• Exercise description: Repeat the listing exactly. Pictures stay out of your copy.

++++ Source data ++++

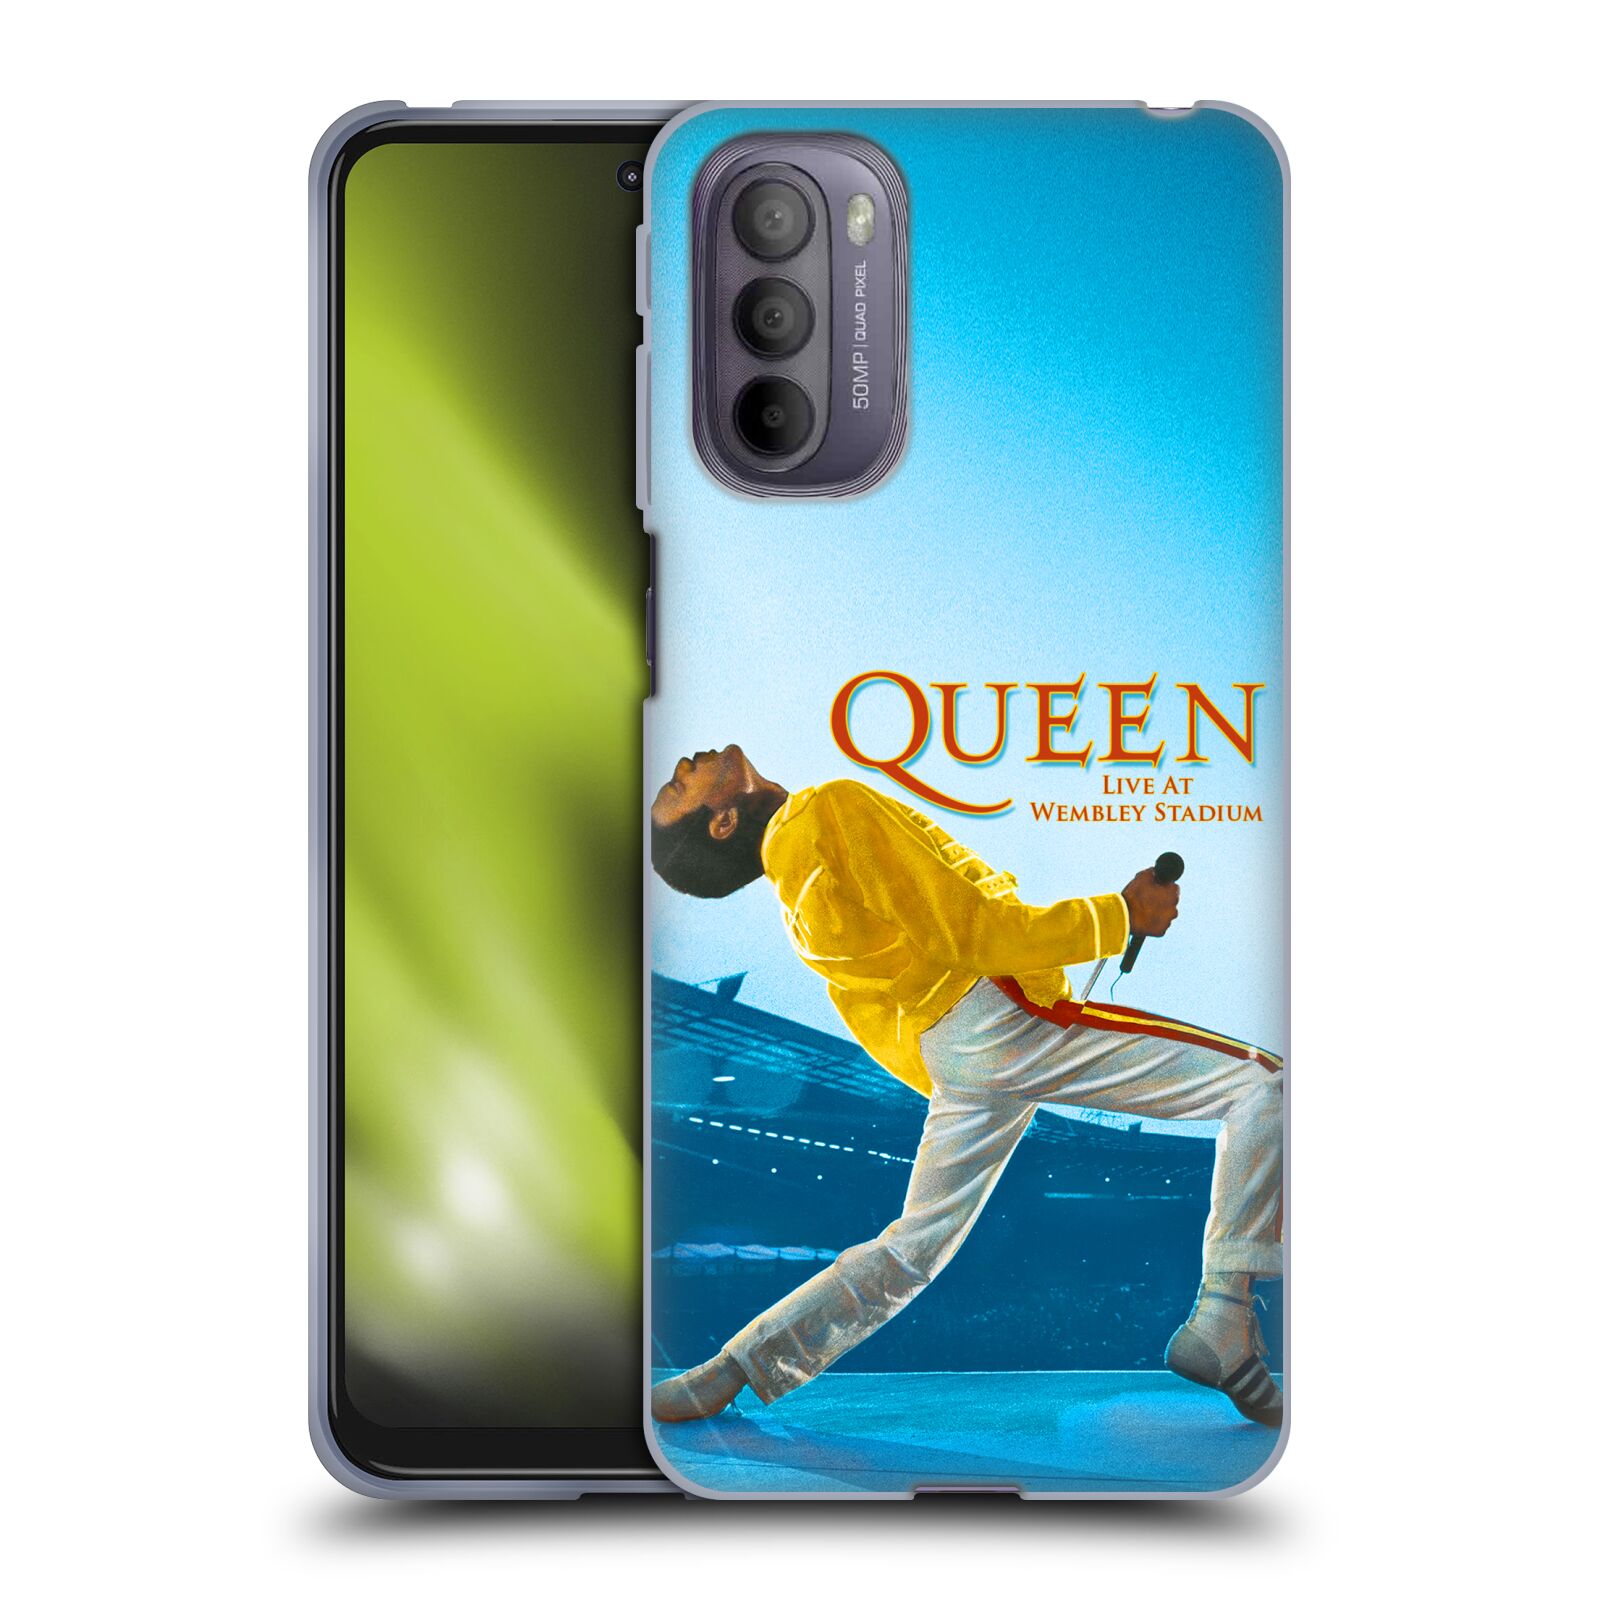 Silikonové pouzdro na mobil Motorola Moto G31 - Head Case - Queen - Freddie Mercury
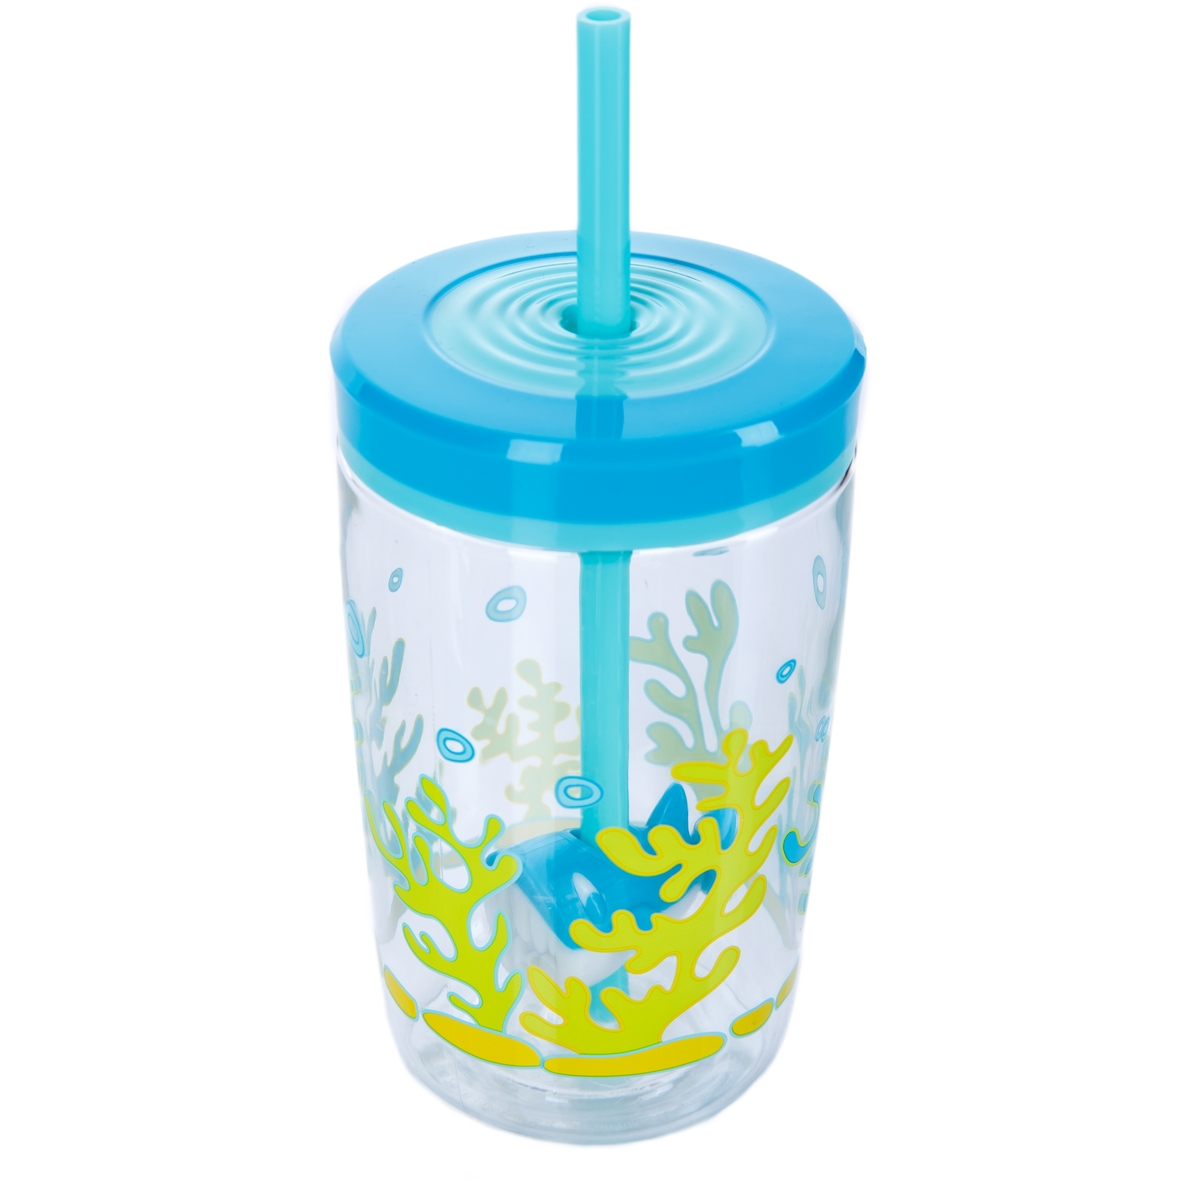 Детский стакан с соломинкой Floating straw tumbler Shark, 0.47 л (Contigo CONTIGO0772)
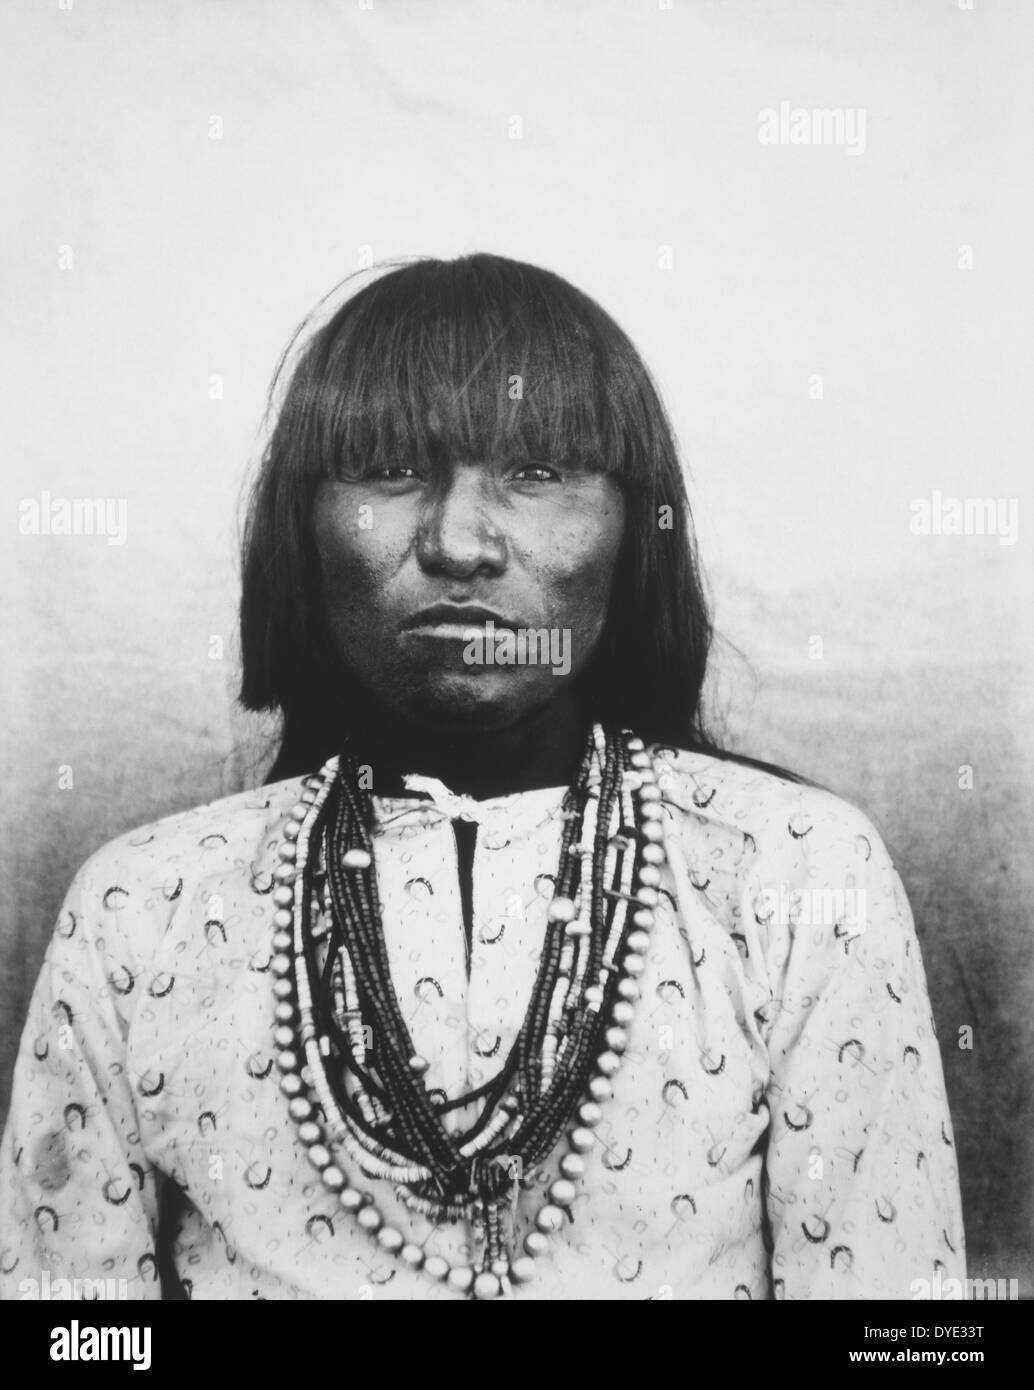 Homme Hopi, Portrait, Supawlavi, Arizona, Etats-Unis, vers 1900 Banque D'Images
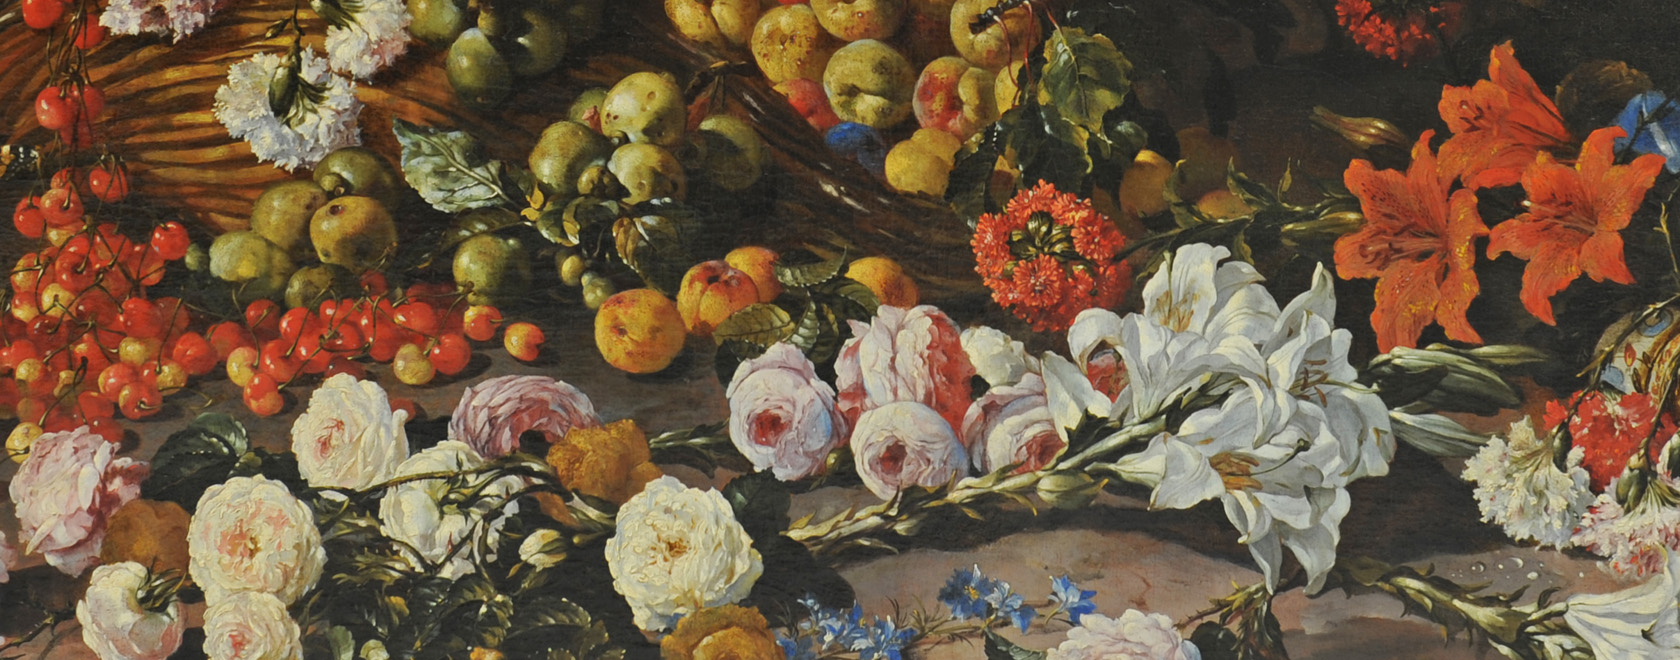 Paolo Porpora, Nature morte aux fleurs, avec un vase d’Orient et des oiseaux, vers 1660 - 1673, huile sur toile, 125 x 177 cm, Valence, musée des Beaux-Arts (détail), Photo © Eric Caillet

++++

• Reply to the task:
 Silikonové pouzdro na mobil Motorola Moto G31 - Head Case - Queen - Freddie Mercury
 Детский стакан с соломинкой Floating straw tumbler Shark, 0.47 л (Contigo CONTIGO0772)
 Homme Hopi, Portrait, Supawlavi, Arizona, Etats-Unis, vers 1900 Banque D'Images
 Paolo Porpora, Nature morte aux fleurs, avec un vase d’Orient et des oiseaux, vers 1660 - 1673, huile sur toile, 125 x 177 cm, Valence, musée des Beaux-Arts (détail), Photo © Eric Caillet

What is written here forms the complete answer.